With the mass estimations presented in Sect. 4.1 in hand, if the stellar stream had been generated by the tidal interaction with NGC 7241 and if it had a mass of Mstream ∼ 2 × 107 M⊙ (Sect. 4.3), then its tidal radius would be Rtid ∼ 823 pc or ∼8″. Conversely, the tidal radius for the object with respect to the potential of the baryon dominated DWARF-COMPANION with a mass Mstream ∼ 1 × 105 M⊙ would be Rtid ∼ 600 pc or ∼6″.
In the previous sections we showed that the width of the stream ranges from 800 pc to 1.3 kpc. These values are larger than the tidal radii crudely estimated from the mass profile and projected distance of NGC 7241, and also than the value derived from the companion dwarfs’ mass, so it would seem sensible to assume that the disrupting system could be dominated either by the tidal influences from the potential of NGC 7241 or by those from the dwarf galaxy companion alone. This result is highly sensitive to the original mass of the stream’s progenitor, a value that is highly uncertain (see Sect. 4.3) so we cannot use this argument alone to reach any conclusion. The question arise of whether there is any other evidence that supports the hypothesis that the stream have been bound to the SMC-like companion dwarf (DWARF-COMPANION) prior to falling into NGC 7241. The apparently young dynamical age of the stream (see Sect. 6.4 in Leaman et al. 2015) and the similar velocity offset (∼190 km s−1 Leaman et al. 2015) of the stream and DWARF-COMPANION with respect to the NGC 7241 would seem to favor this scenario. Additionally, if the dwarf irregular satellite is undergoing a relatively recent infall toward NGC 7241 (see further discussion in Sect. 4.5), and thus is still keeping its own substructure (the stream), this may explain why it and the central galaxy seem to show signatures of a recent star formation burst. Whether or not it is expected that an SMC-mass system like the DWARF-COMPANION has a companion dwarf of the mass of the stream progenitor is discussed further in Sect. 4.5. In conclusion, with the current data, we cannot confirm that the stream is associated with the dwarf companion, although none of the analyses presented here disfavor this hypothesis.

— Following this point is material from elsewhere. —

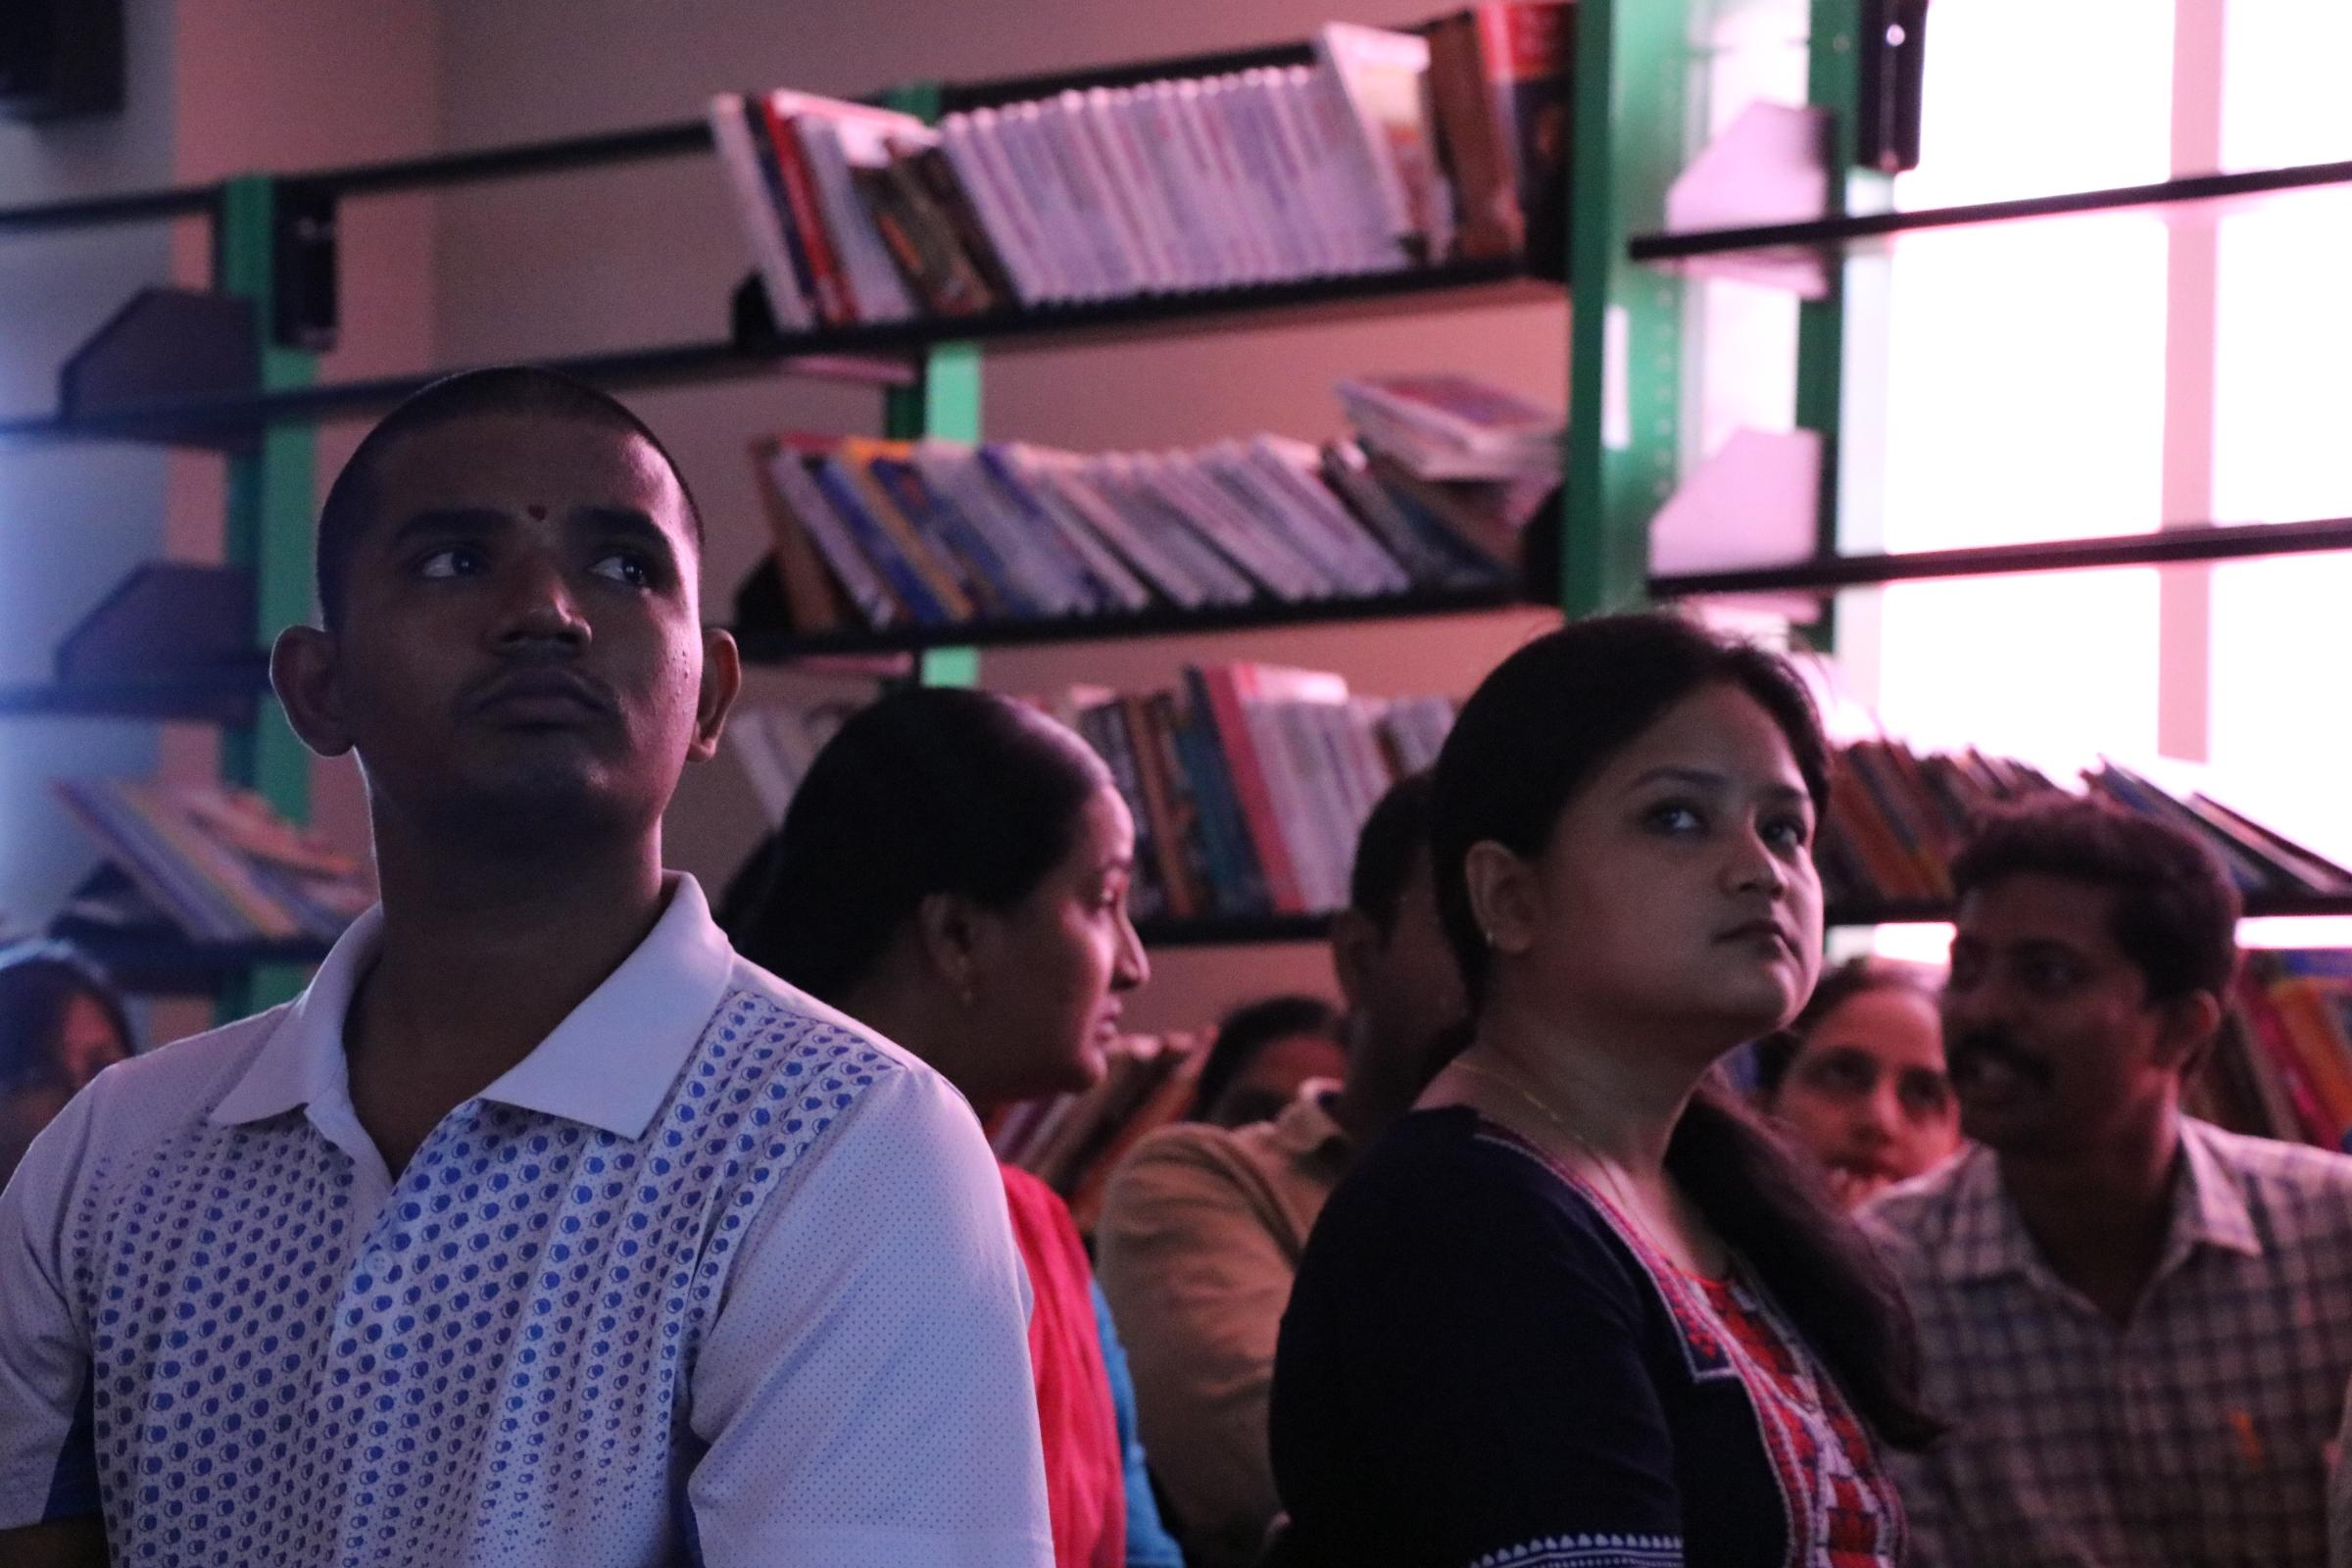 Delhi Public School, Vizag

4.5. Origin of blue streams: Insights into the Local Group dwarf’s star formation history
Star formation is rarely detected in stellar streams as it requires the presence of dense molecular clouds that would be quickly heated up and destroyed by the many processes involved in the satellite-central galaxy interaction (e.g., Emerick et al. 2016; Cortese et al. 2021). As a consequence, most tidal streams in the local Universe host old stars that were stripped out from the progenitor’s dwarf galaxy by a minor merger event. However, this scenario does not apply to all dwarf-central galaxy interactions. From the theory of galaxy formation and evolution we expect that changes in the mass of the central galaxy modify the efficiency that the gas ram-pressure stripping process has on removing gas from the incoming satellites (Koutsouridou & Cattaneo 2019). These changes probably occurred in the Milky Way and Andromeda galactic systems when transiting from a low-mass system with no warm-hot corona to the current situation with a well defined warm-hot CGM.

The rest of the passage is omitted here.